In 2012, after opening a turnaround charter school that prioritized students zoned for failing schools, I assessed a group of 60 first graders, along with their teachers, and found that more than 80% of them were pre-emergent and unable to read a Level A text. With an eager and hardworking team of educators, we got to work. We split the students into leveled groups, arranged our schedules to prioritize guided reading, and began to inundate them with concepts like the alphabetic principle (relationships between sounds and letters), looking across lines of print from left to right, one to one correspondence, and matching the picture to the beginning sound. We were determined to tackle Level A books. And we did. But then we hit a roadblock.
At first our approach seemed perfect. I vividly remember pulling a group of students to read At the Pond — a constructed Level A book with the pattern “Look at the ____” and pictures of turtles, boats, and more. After pre-teaching the words “look,” “at,” and “the” and doing a picture walk to name what was in each picture, my non-readers were ready. As they read “Look at the turtle;” “Look at the boat,” I reminded them to slow down, finger point, and double-check the picture. At the end, Brianna, one of the students, exclaimed “I read a whole book! I never did that before!”
However, as our reading goals grew, and in an effort to help a group of below-level readers catch up in an accelerated timeframe, we found ourselves stalling. The skills they were learning — recognizing sight words, identifying simple, repetitive language patterns, recognizing a letter and cross checking with the picture — didn’t serve them very long. The text-specific word work we did before reading set them up to read that text, but there was no guarantee it would support them for the next text, even as we worked overtime to order, print, and color copy new leveled texts. The texts we were using, which were from leveled reading programs, weren’t in any way aligned to the basal program’s phonics and phonemic awareness sequence we were teaching. Our readers who were already behind were learning to master one strategy only to have the game change on them as we attempted to move them to higher-level texts. They needed a broader set of skills they could apply to each new text they encountered.

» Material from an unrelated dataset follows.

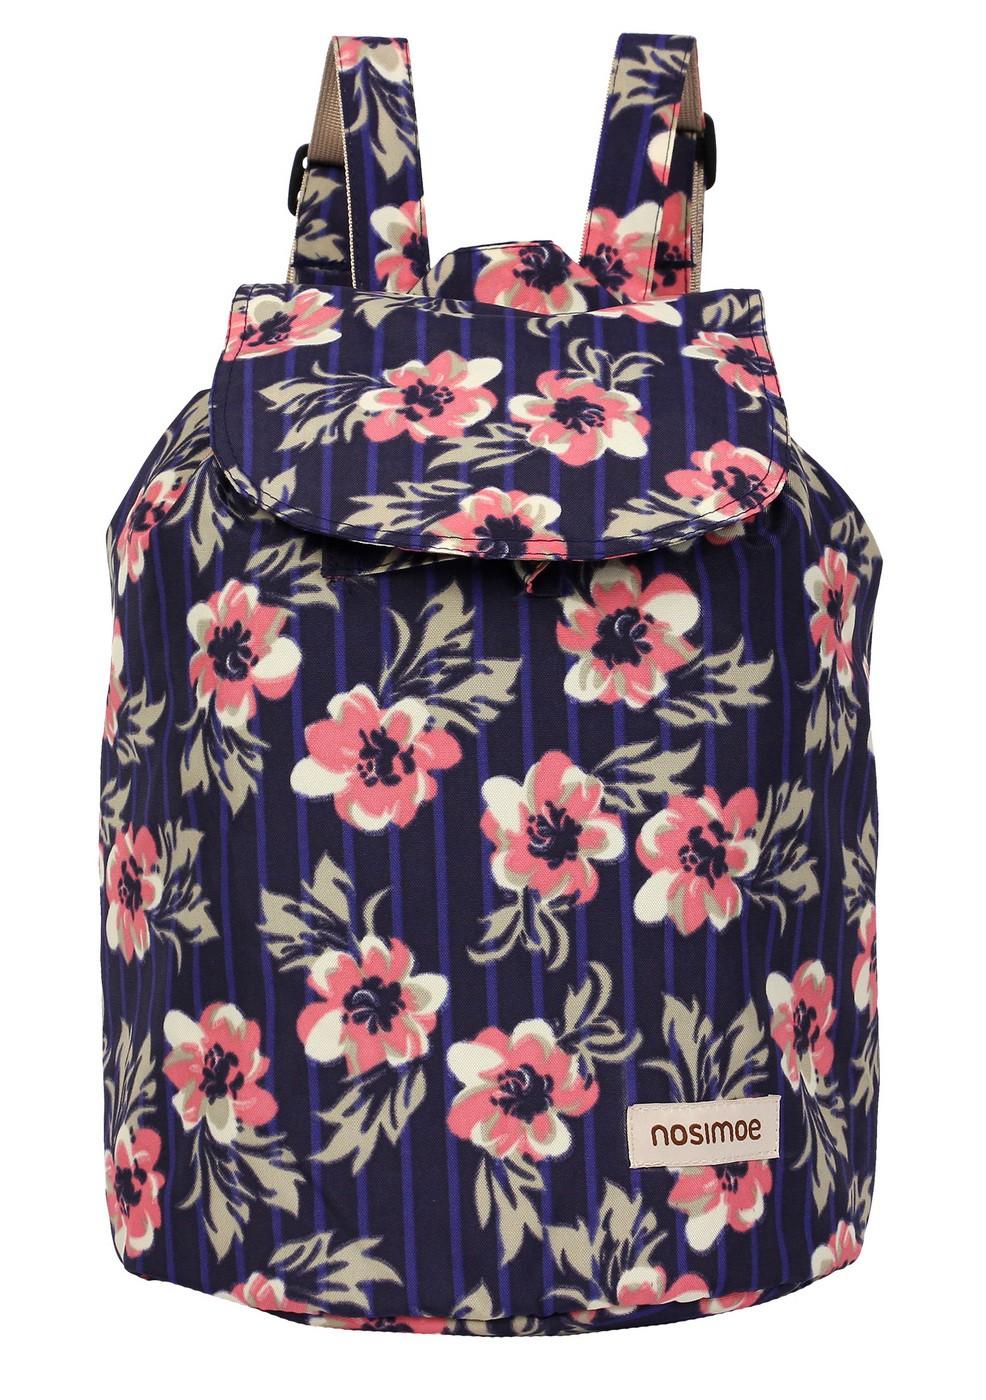 Рюкзаки, мини-сумки для прогулок по городу и с детьми, дорожные и спортивные сумки

The English language is not one hundred percent regular, but there are many regular spelling/sound patterns. These patterns can be taught explicitly, and a clearly organized scope and sequence for teaching is the basis of most phonics programs. Structured phonics programs provide more than a clear sequence of skills, student tasks, and teacher lessons, however. When done well, they also allow for opportunities for students to regularly read texts that support these lessons, and for teachers to assess mastery. This allows for a sequence of teaching, monitoring, assessing, and reteaching that ensures that students are making adequate progress.
In their paper on Structured Phonics, David Liben and David Paige identify several things that a structured phonics program should do:
- Introduce students to spelling/sound relations separately, explicitly, and gradually.

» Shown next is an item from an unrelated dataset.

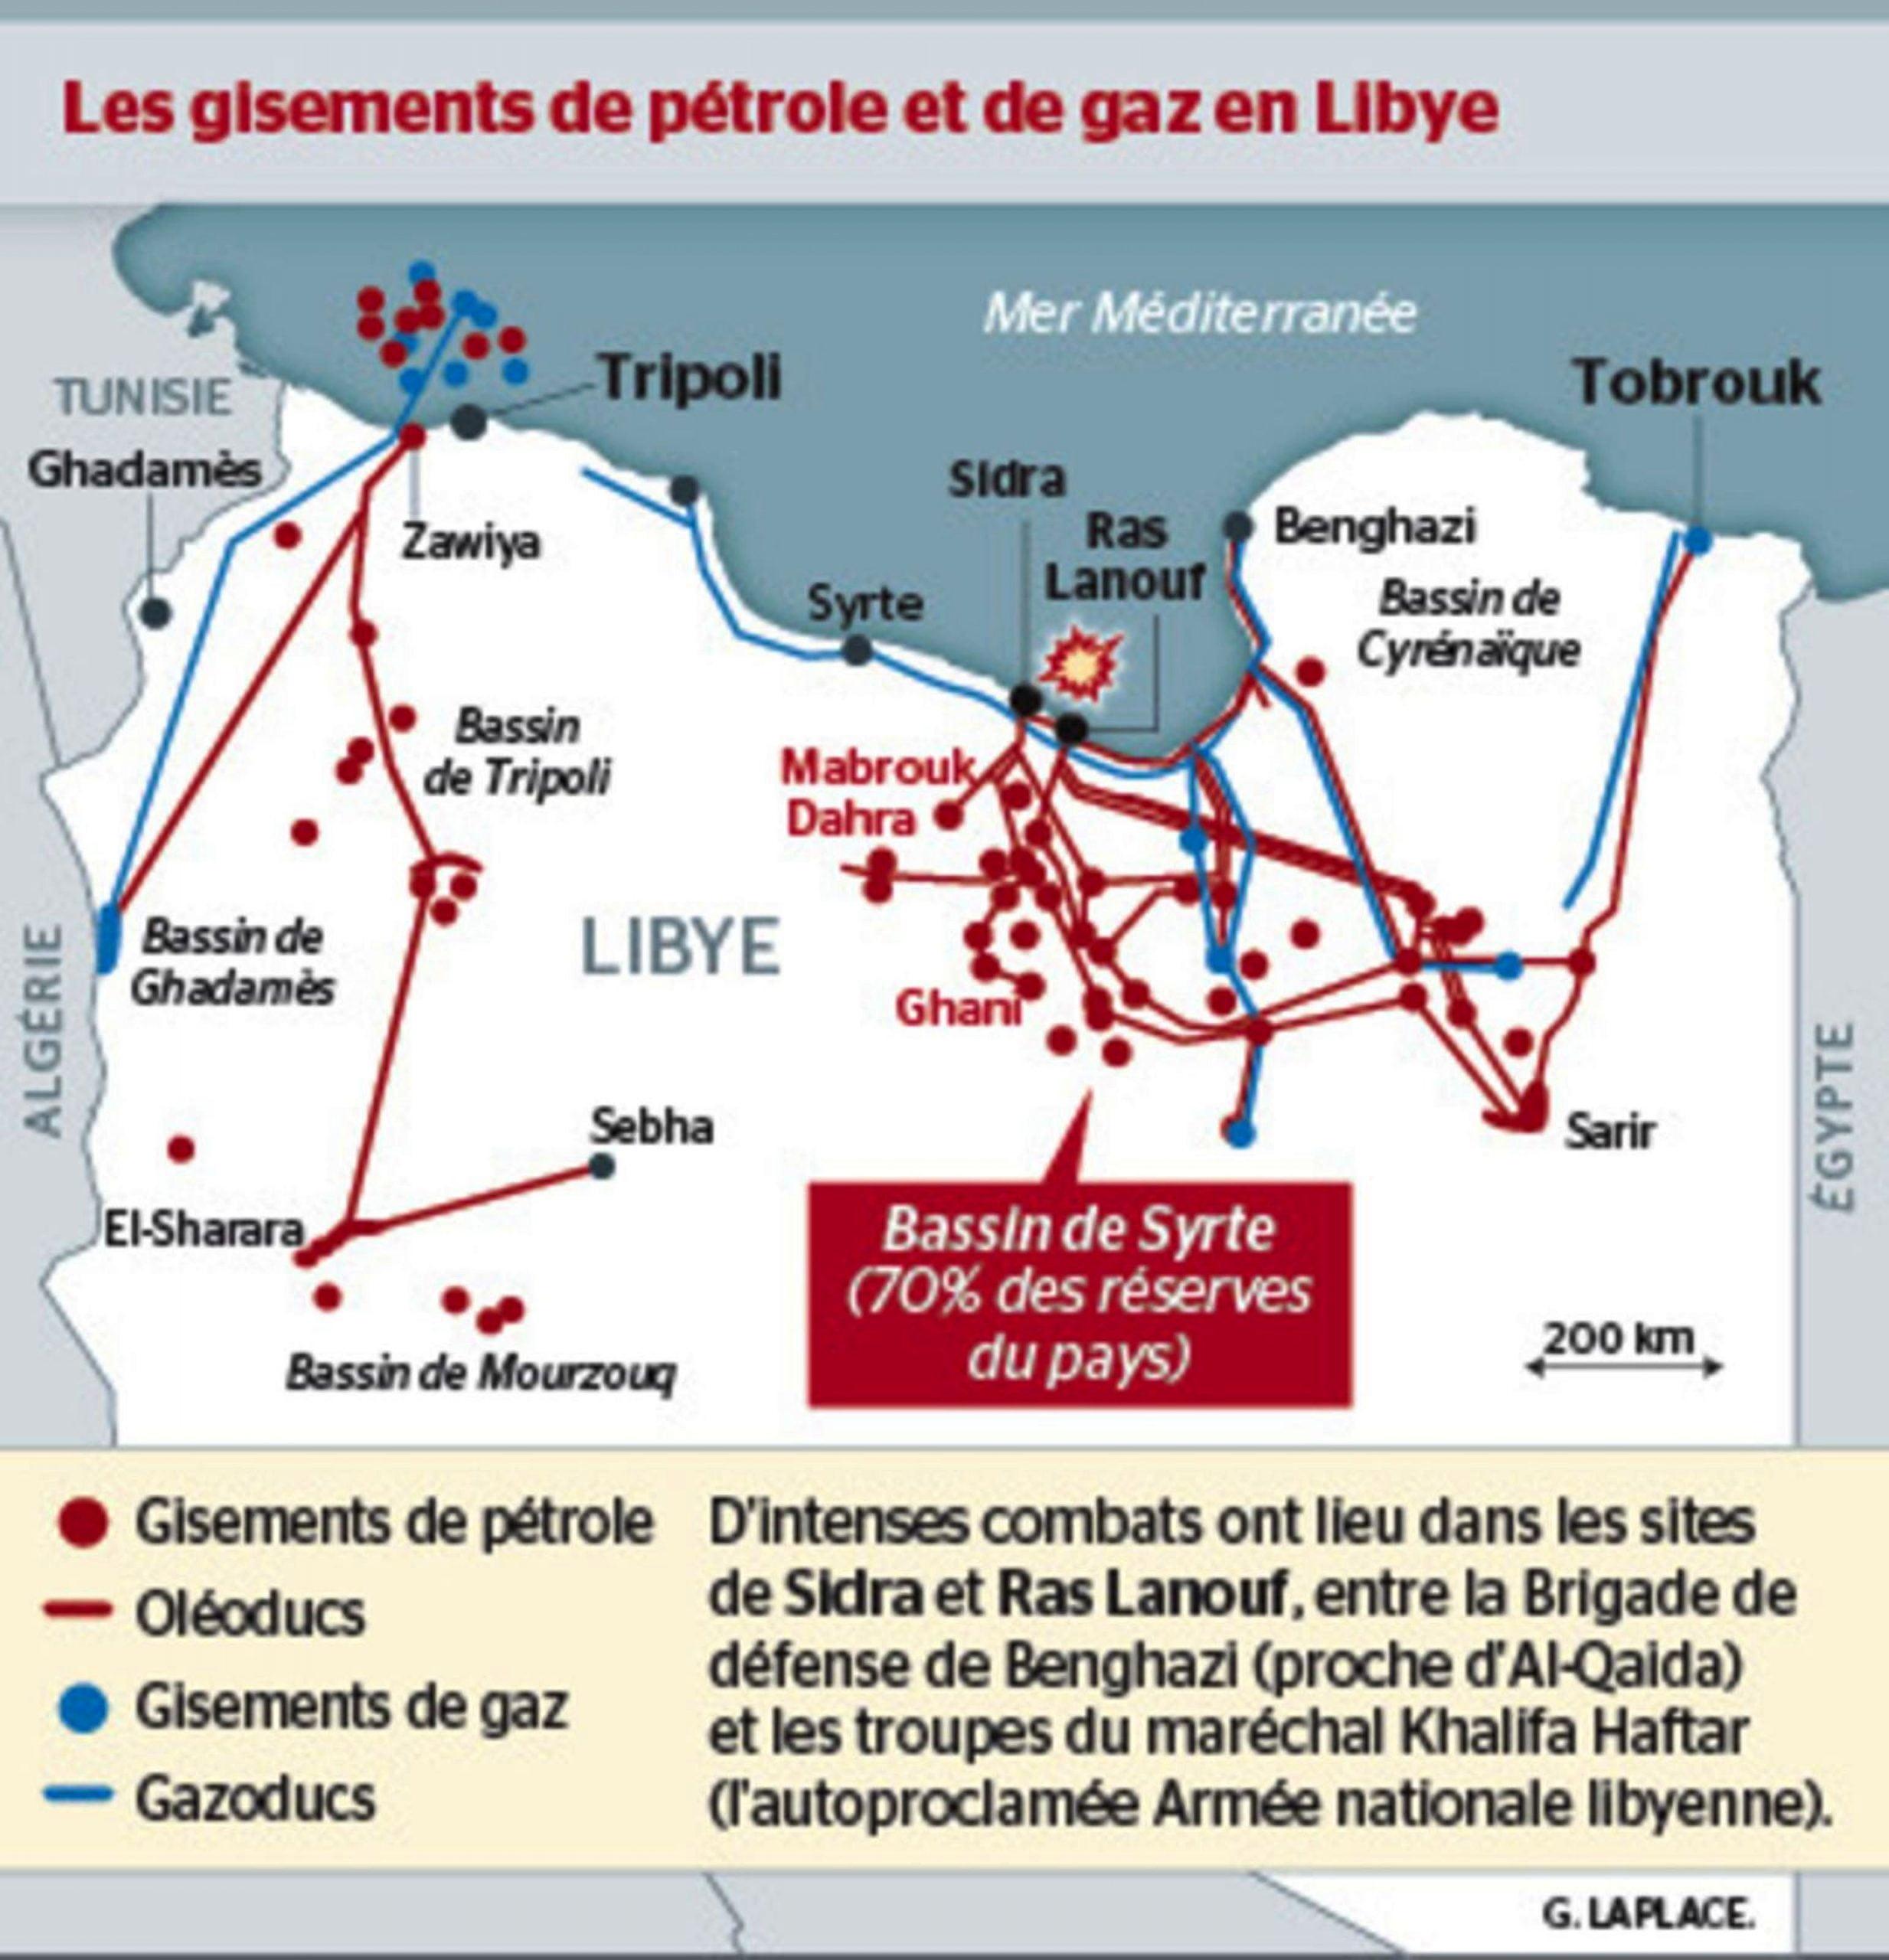 Λιβύη – Ρώσοι ιδιωτικοί στρατιωτικοί ανάλαβαν τον έλεγχο του μεγαλύτερου κοιτάσματος πετρελαίου, ο αλγερινός στρατός σε επιφυλακή

- Allow teachers to monitor progress. By introducing spelling sound patterns one at a time, teachers can more easily tell which students have mastered which patterns and also provide the support needed so that mastery can be attained.
- Addresses words’ phonology (how to pronounce it), its orthography (how to spell it), and its morphology (what prefixes, roots, and suffixes it contains), explaining how to apply this knowledge to decode and spell words.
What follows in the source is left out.